Influence of HIV co-infection on hepatitis C immunopathogenesis

Abstract

The role of CD4(+) or CD8(+) T cells in chronic hepatitis C virus (HCV) infection is unclear. People with chronic infection have weak responses against HCV in the blood, but HCV-specific responses are present within liver. The prevailing hypothesis of liver injury in HCV is that CD4(+) and CD8(+) T cell responses mediate HCV-related liver damage but are ineffectual at clearing the chronic infection. However, we recently reported that vigorous CD4(+) responses that produce interferon gamma (IFNgamma) early in infection are correlated with slower rates of disease progression, and compartmentalize to the liver. People with chronic HIV and HCV co-infection, particularly those with CD4(+) <200 cells/mm(3), have a higher rate of fibrosis development and severe liver disease.
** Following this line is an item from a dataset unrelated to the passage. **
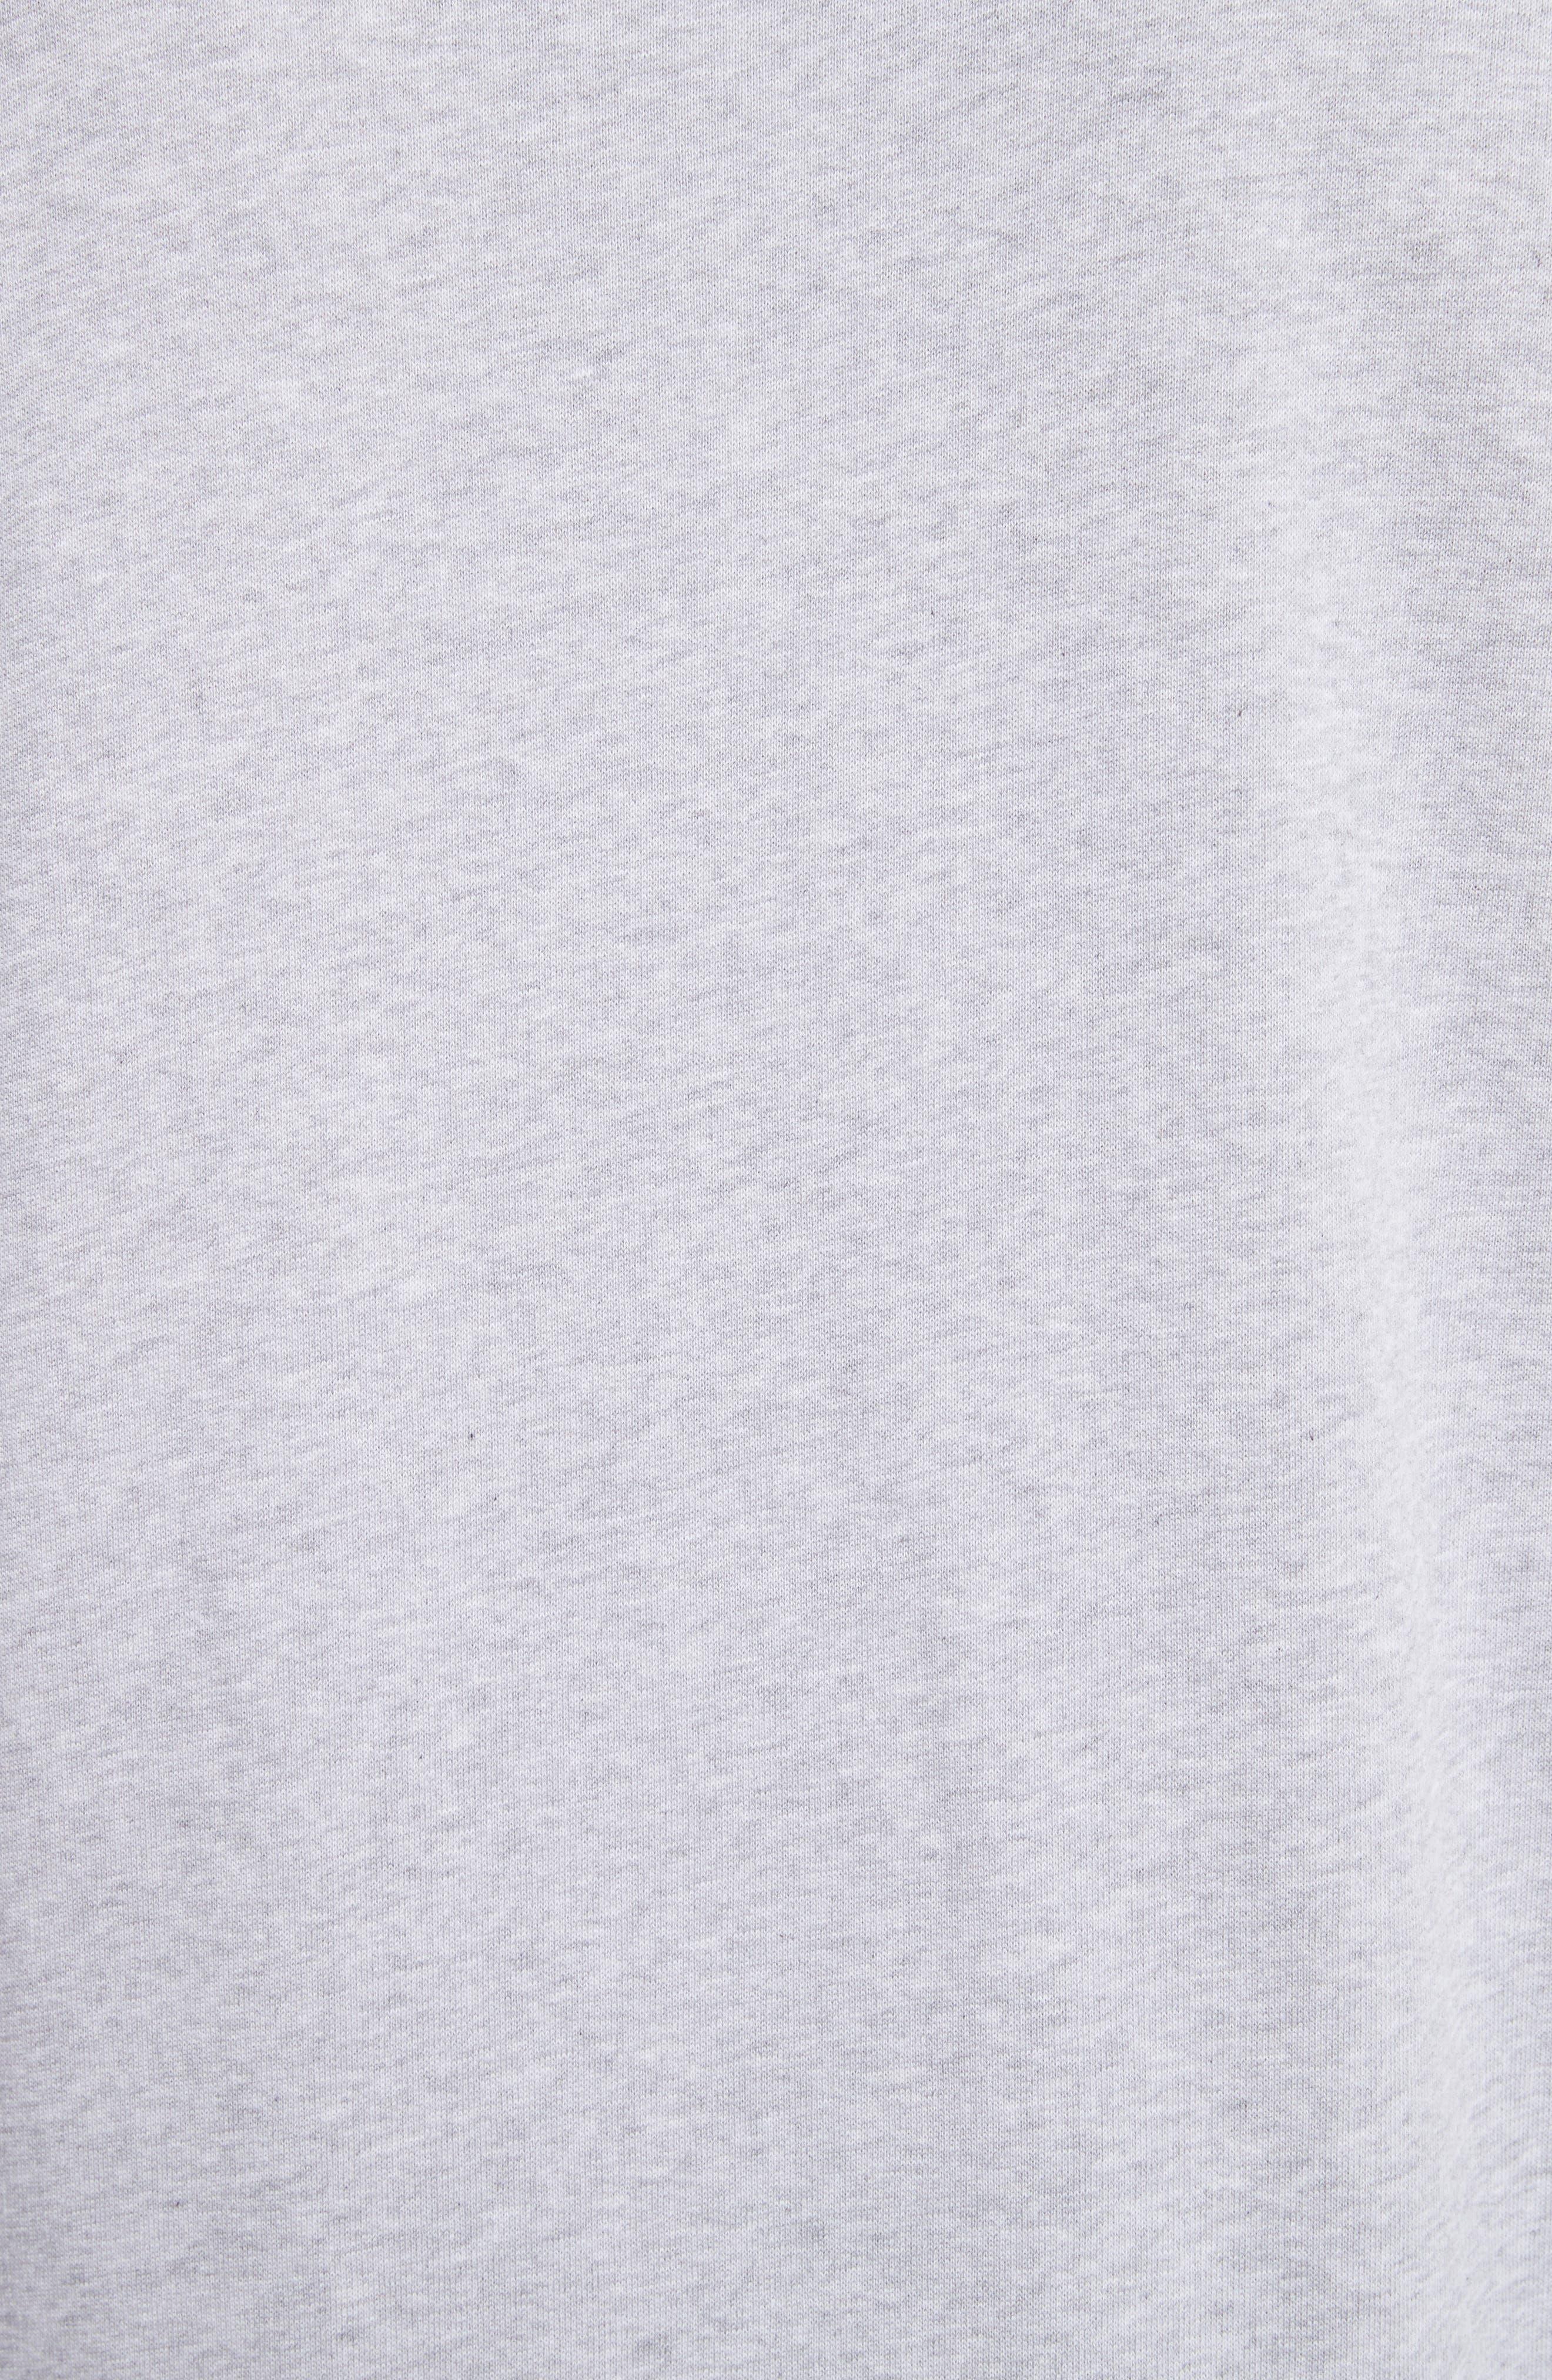 VERSUS by Versace Zip Sleeve Crewneck Sweatshirt,                             Alternate thumbnail 5, color,                             Grey
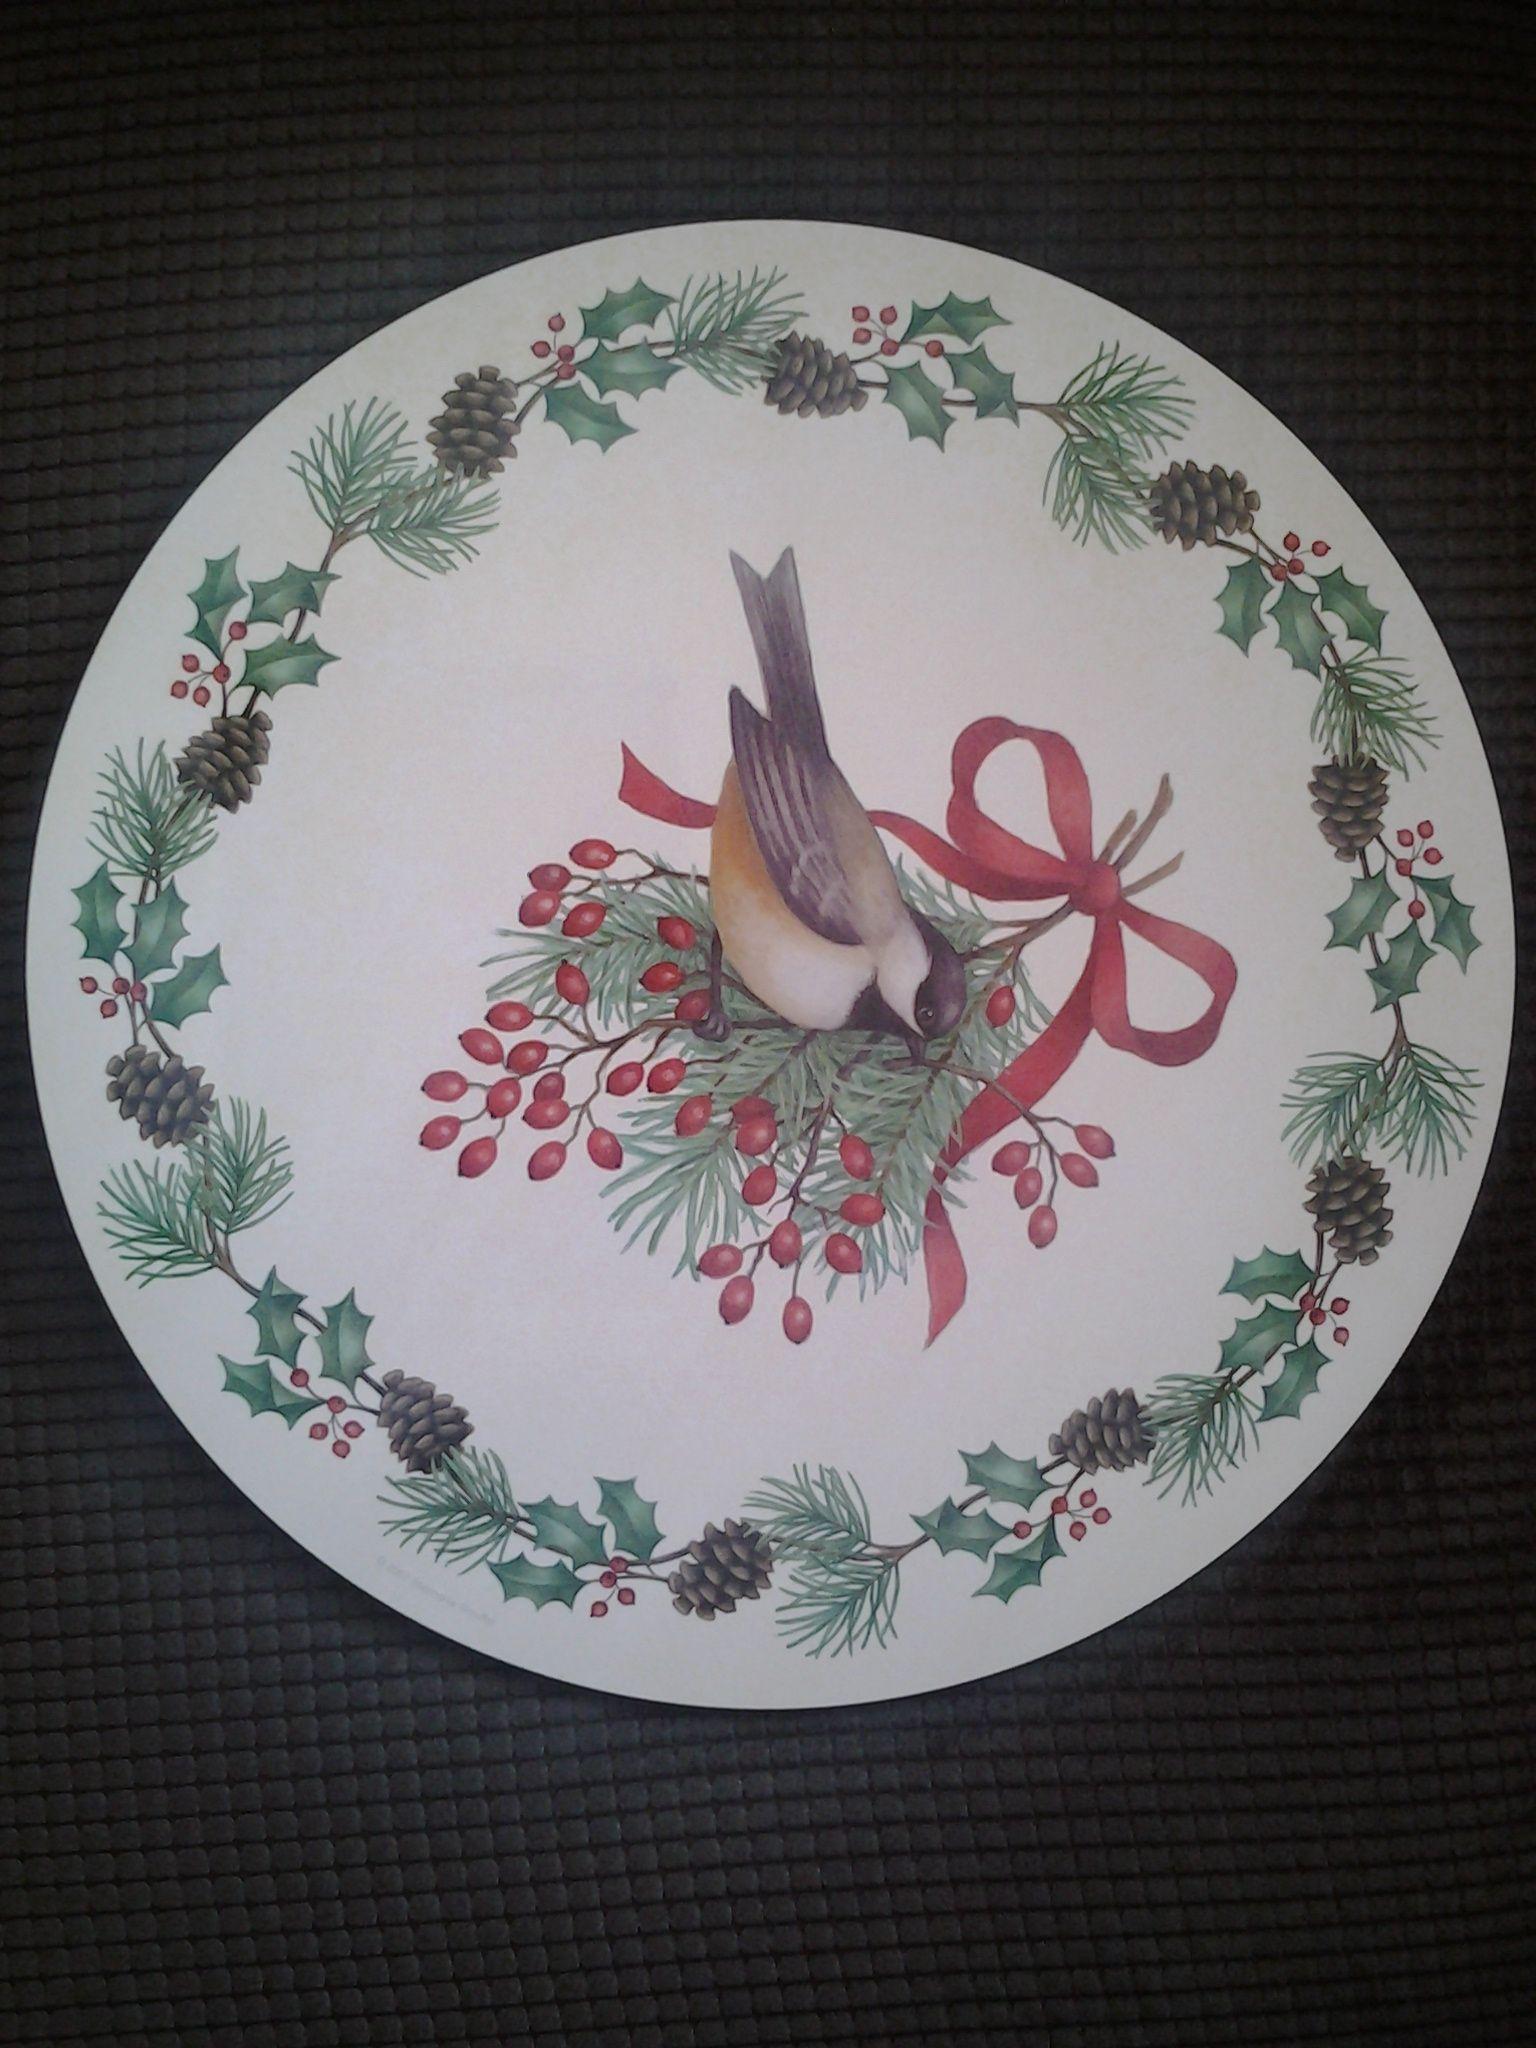 Jason Placemats New Zealand Birds - Home Decorating Ideas ...

Co-infected people have variable degrees of immunosuppression that may provide insight into the relationship between cellular immune functions and the degree of liver damage as assessed by liver biopsy. People with co-infection may have quantitative or qualitative differences in the immune responses. We recently found a relationship between CD4(+) immune responses and liver histology. There are qualitative differences in the CD4(+) responses found in the liver in co-infected people compared to those with HCV alone, whereas no such differences are found when CD8(+) responses are measured. Neither CD4(+) nor CD8(+) responses correlate with the peripheral CD4 count.